# Bulls have apparently extended an offer to Ronnie Brewer



## jnrjr79 (Apr 18, 2003)

> Signing Allen would mean Memphis would completely severe ties with Ronnie Brewer, who it acquired from Utah for a protected 2011 first-round pick in February. Brewer wasn't extended a $3.7 million qualifying offer and became an unrestricted free agent.
> 
> Brewer apparently wasn't willing to commit to the Grizzlies' latest offer because of pending negotiations with Chicago and Utah.


http://blogs.commercialappeal.com/the_memphis_edge/grizzlies-basketball/


Good move. I would hope Chicago would have the edge via Utah.

By the way, how many players are we going to keep out of Salt Lake? Sheesh.


----------



## Firefight (Jul 2, 2010)

I'm really hoping this works out for Chicago.
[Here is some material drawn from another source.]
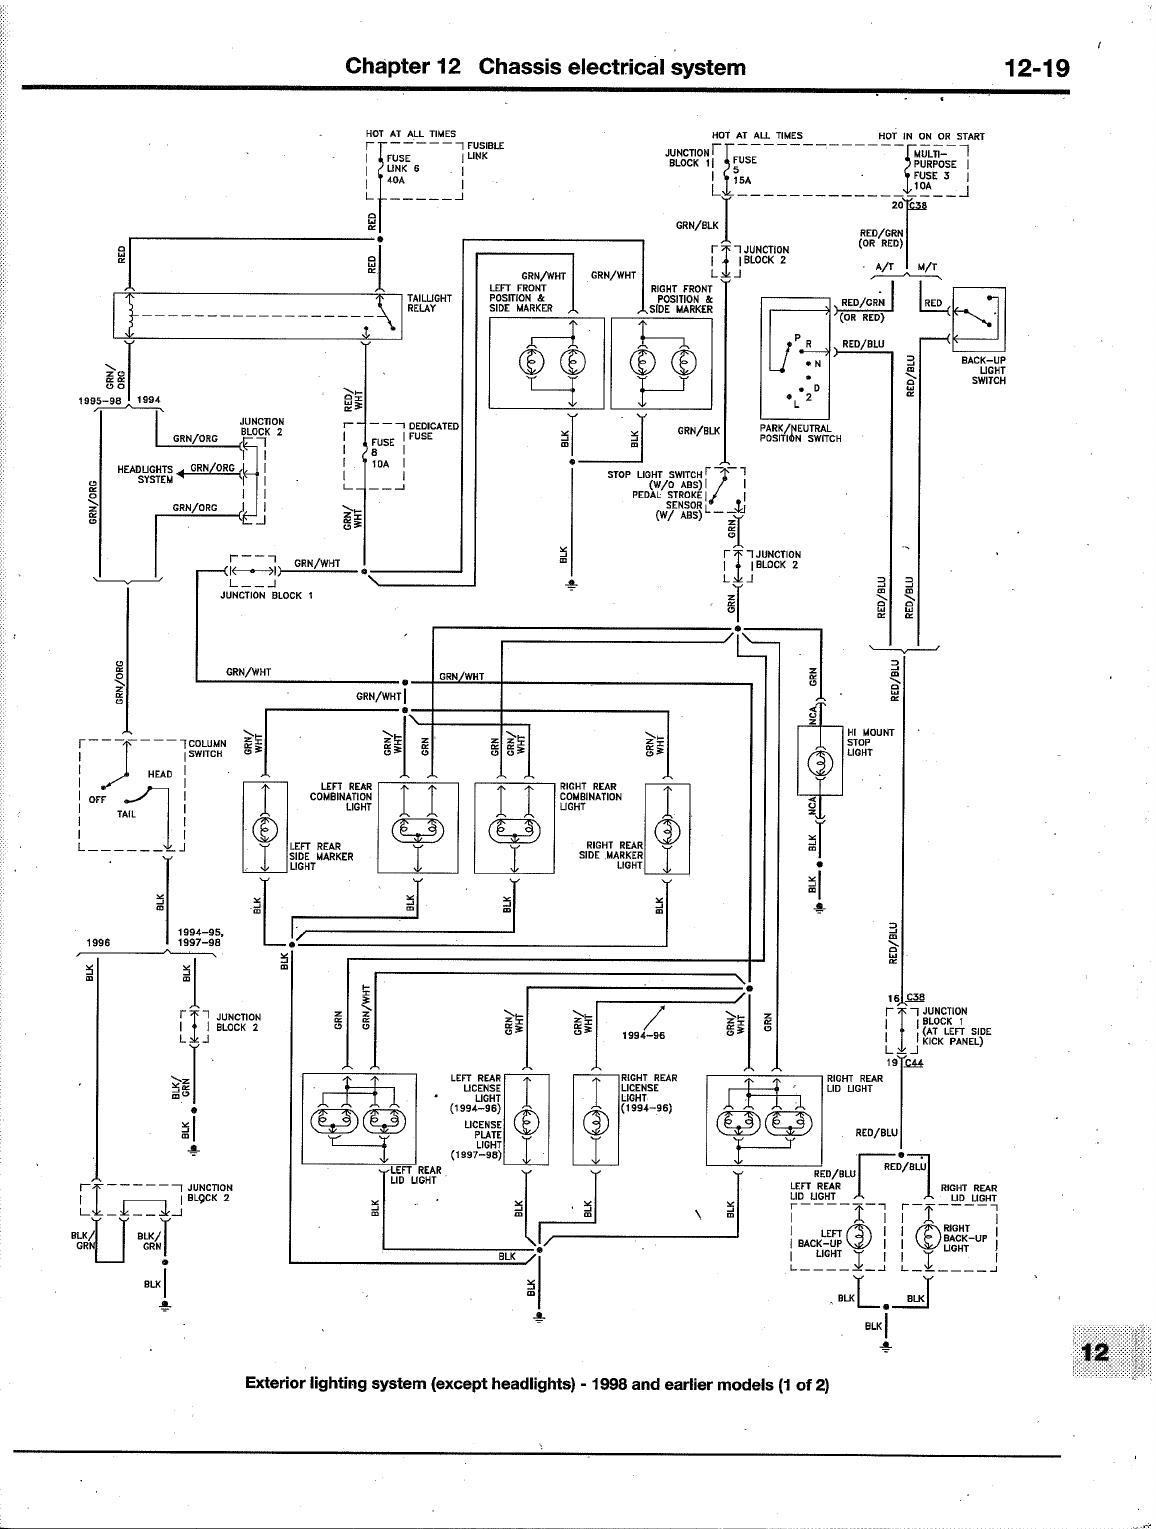 2003 Mitsubishi Galant Wiring Diagram : 2002 Mitsubishi

I like the Korver signing and the potential Redick signing, but they are both shooters with below average defense... Brewer would help balance that out... But, should we sign all 3?


----------



## jnrjr79 (Apr 18, 2003)

Firefight said:


> I'm really hoping this works out for Chicago. I like the Korver signing and the potential Redick signing, but they are both shooters with below average defense... Brewer would help balance that out... But, should we sign all 3?



I'd be fine with all 3. 4 guys manning the 2 and 3 positions. We'd still need a backup PG though. Other than that, we'd be all set if we add one more big (Brad Miller, perhaps).

Rose, PG
Redick, Brewer, Korver
Deng, Brewer, Korver
Boozer, Miller
Noah, Asik


Pretty good looking rotation.


If Orlando matches Redick:

Rose, PG
Brewer, Korver
Deng, Korver
Boozer, Miller
Noah, Asik

Still looks pretty good. Less shooting, more defense.


----------



## caseyrh (Jun 10, 2003)

i like it. gives us some Reddick insurance


----------



## BenDengGo (Feb 1, 2004)

not sure how good he's after that injury. didnt he rupture his hamstring? thats a brutal injury.


----------



## roux (Jun 20, 2006)

sounds like you guys are making plans for orlando to match reddicks offer, may be a better move since brewer is the superior athlete and defender


----------



## Bulls42 (Jul 22, 2002)

You'd think he'd choose Chicago over Utah based on the direction of the clubs and the fact that Utah dumped him midseason for salary reasons. But I'm concerned about how he has recovered from his injury. Can he be or has he been worked out recently or do we just have to go on his agent's biased word?
Tony Allen must still be concerned abt the death threats if he'd rather sign with Memphis over us.


----------



## DaBabyBullz (May 26, 2006)

I like that. A more legit SG, and I'd maybe start him over Redick to give some D and size/athleticism in the backcourt. If your #2 SG and #2 SF were Redick and Korver, you'd have some major shooting firepower coming off the bench, which would be nice to have. He's at least a guard-forward instead of forward-guard like Korver  lol


----------



## Merk (May 24, 2006)

Nice, id like the signing


----------



## Bulls rock your socks (Jun 29, 2006)

yayyyy. now lets trade for kirielinko and we can be the chicago jazzzz haha.


----------



## DaBabyBullz (May 26, 2006)

Bulls rock your socks said:


> yayyyy. now lets trade for kirielinko and we can be the chicago jazzzz haha.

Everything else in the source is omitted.